LeetCode: Course Schedule

LeetCode: Course Schedule

Summary

Return true if you can finish all courses. Otherwise, return false.

There are a total of numCourses courses you have to take, labeled from 0 to numCourses - 1. You are given an array prerequisites where prerequisites[i] = [ai, bi] means you must take course bi before course ai.

Approach

This is a graph cycle-detection problem.

We build a directed graph where each course points to its prerequisites. Then we run DFS and check whether we revisit a node that is already on the current DFS path.

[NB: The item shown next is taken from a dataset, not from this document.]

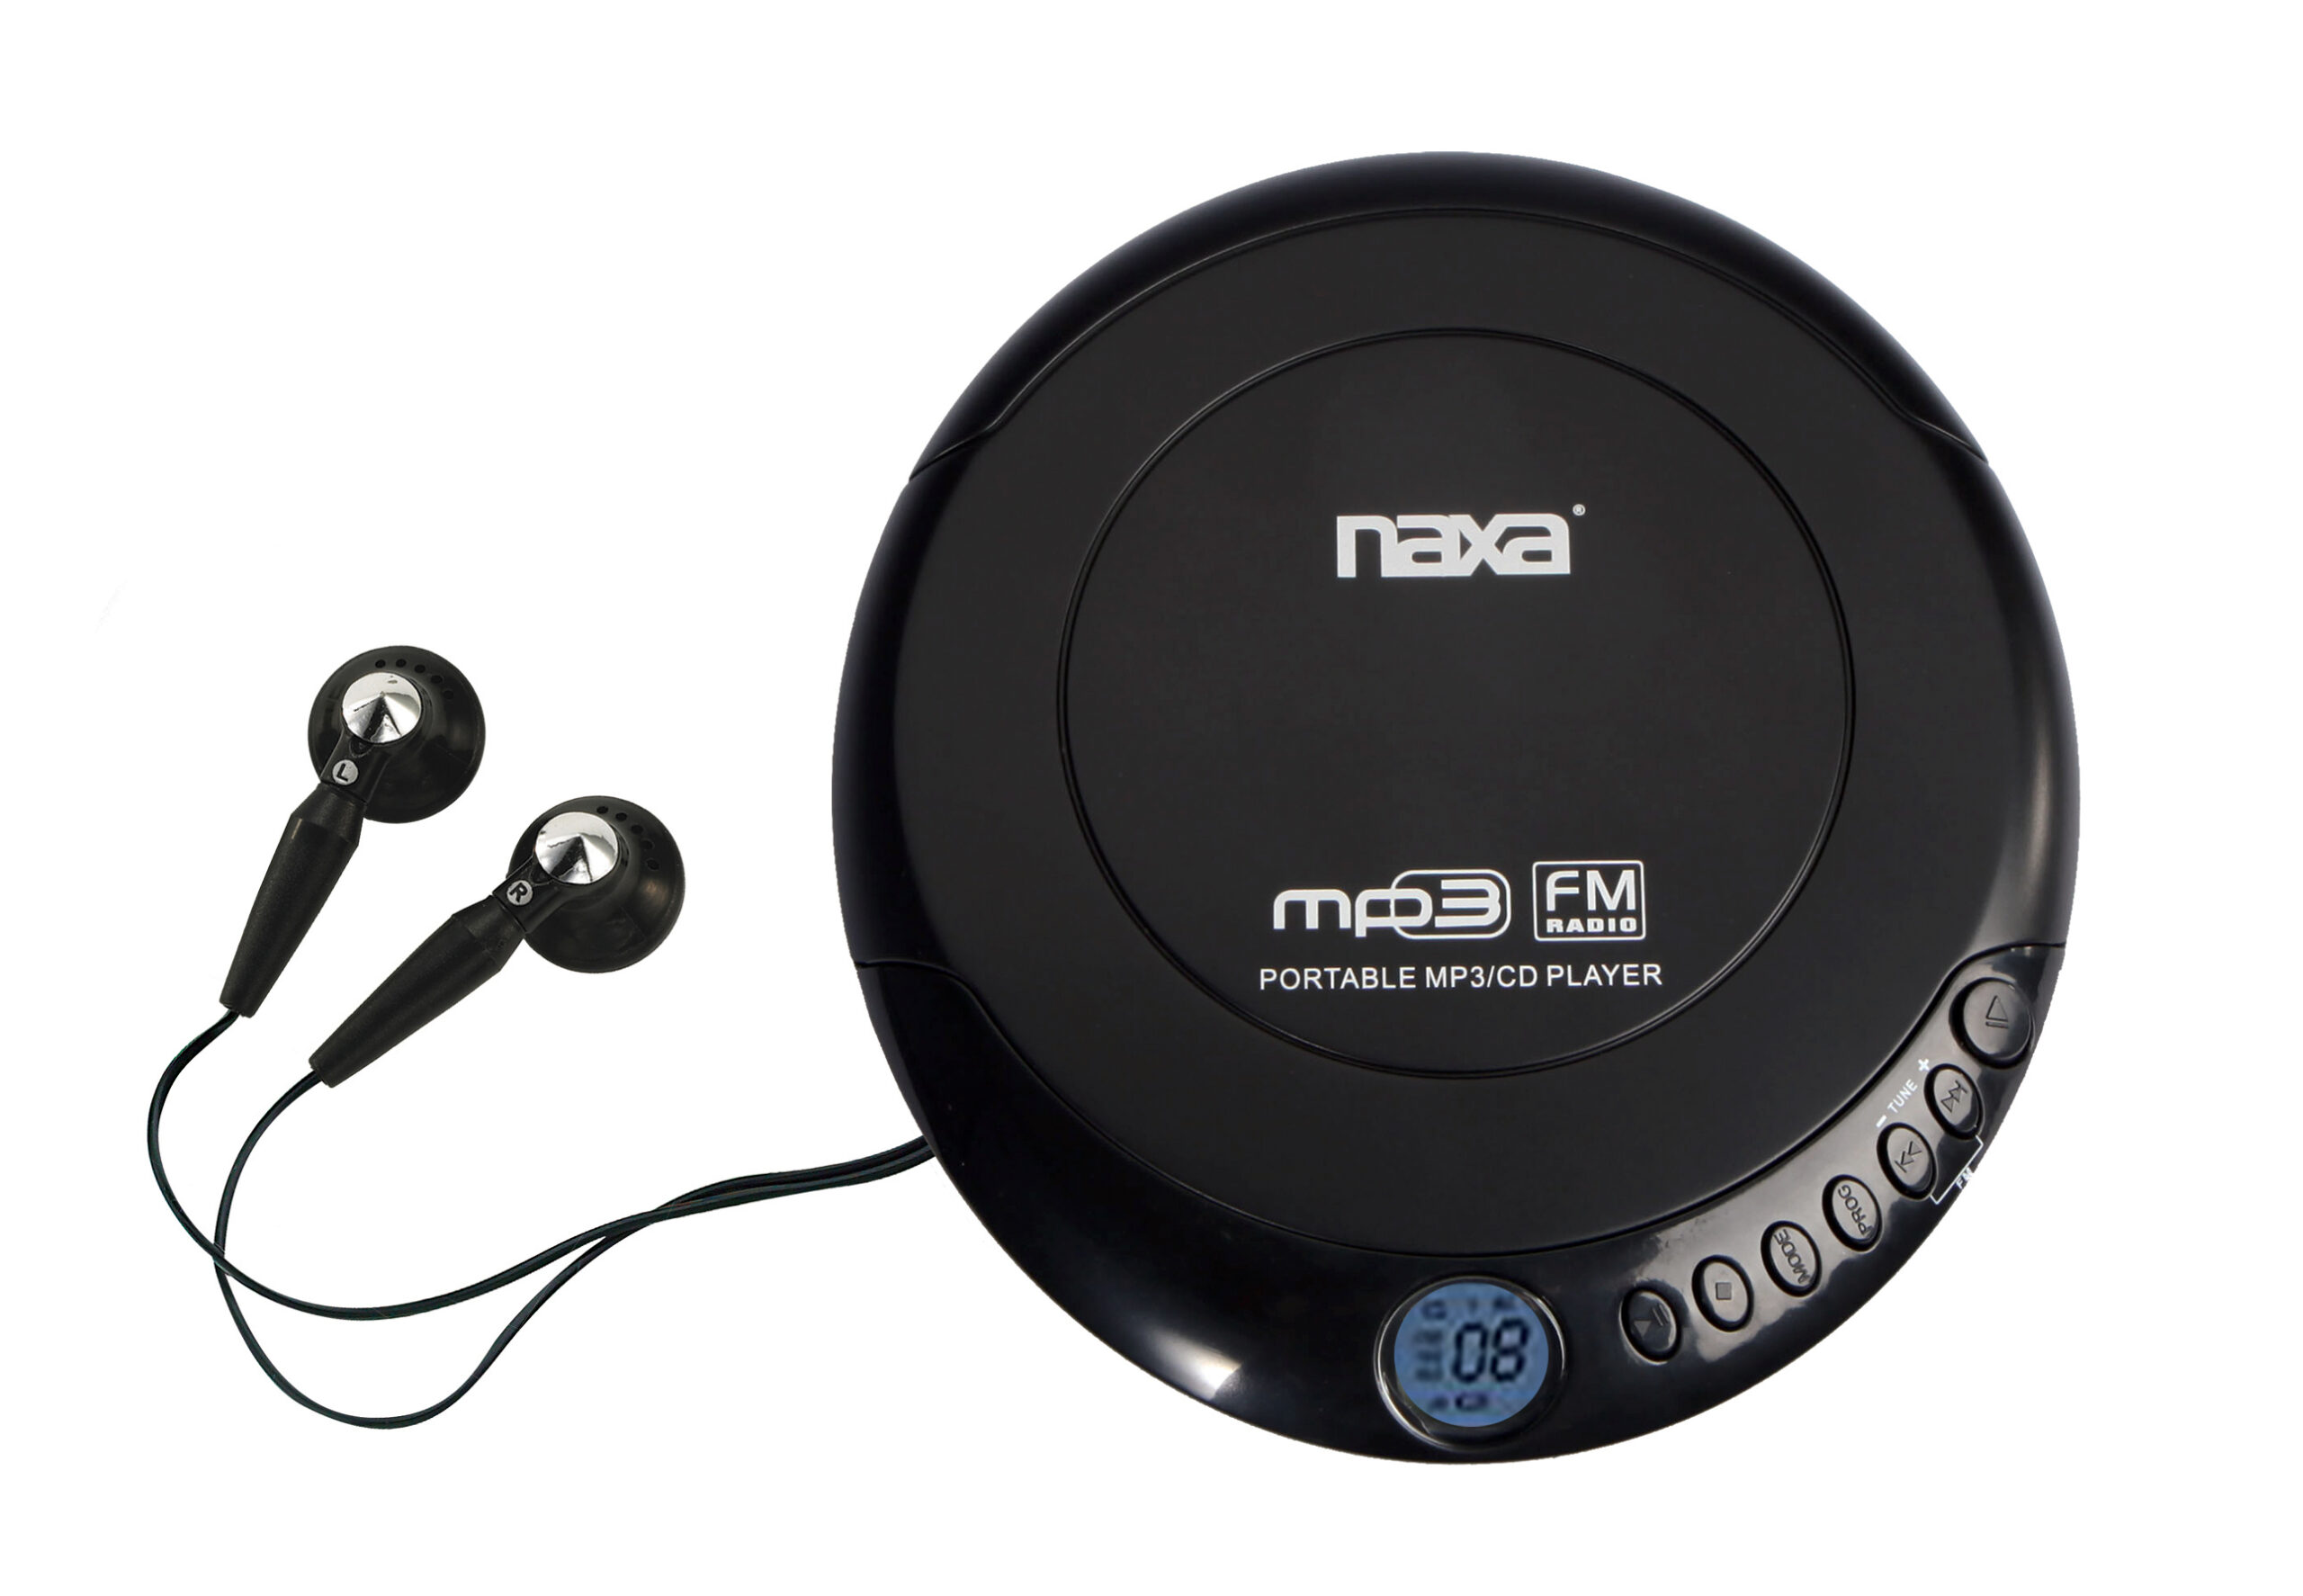 Slim Personal MP3/CD Player with 100 Second Anti-Shock & FM Scan Radio

If that happens, there is a cycle, so it is impossible to finish all courses.

Function

Initialization:

  • graph: adjacency list of prerequisites. The key is a course, and the value is the list of prerequisite courses.
  • done: nodes that have already been checked and confirmed to have no cycle.
  • visiting: nodes currently on the DFS path.

DFS:

Argument:

  • node

Logic:

  1. If node is in done, return False because this path is already known to be acyclic.
  2. If node is in visiting, return True because we found a cycle.
  3. Add node to visiting.
  4. For each prerequisite v in graph[node], run dfs(v).
  5. If any recursive call returns True, propagate True.
  6. Remove node from visiting.
  7. Add node to done.
  8. Return False.

Run this DFS for every course.

Complexity

Time complexity: O(V + E). Each node is fully processed once, and each edge is traversed once.

Space complexity: O(V + E). The graph takes O(V + E), and the done set, visiting set, and DFS call stack take O(V).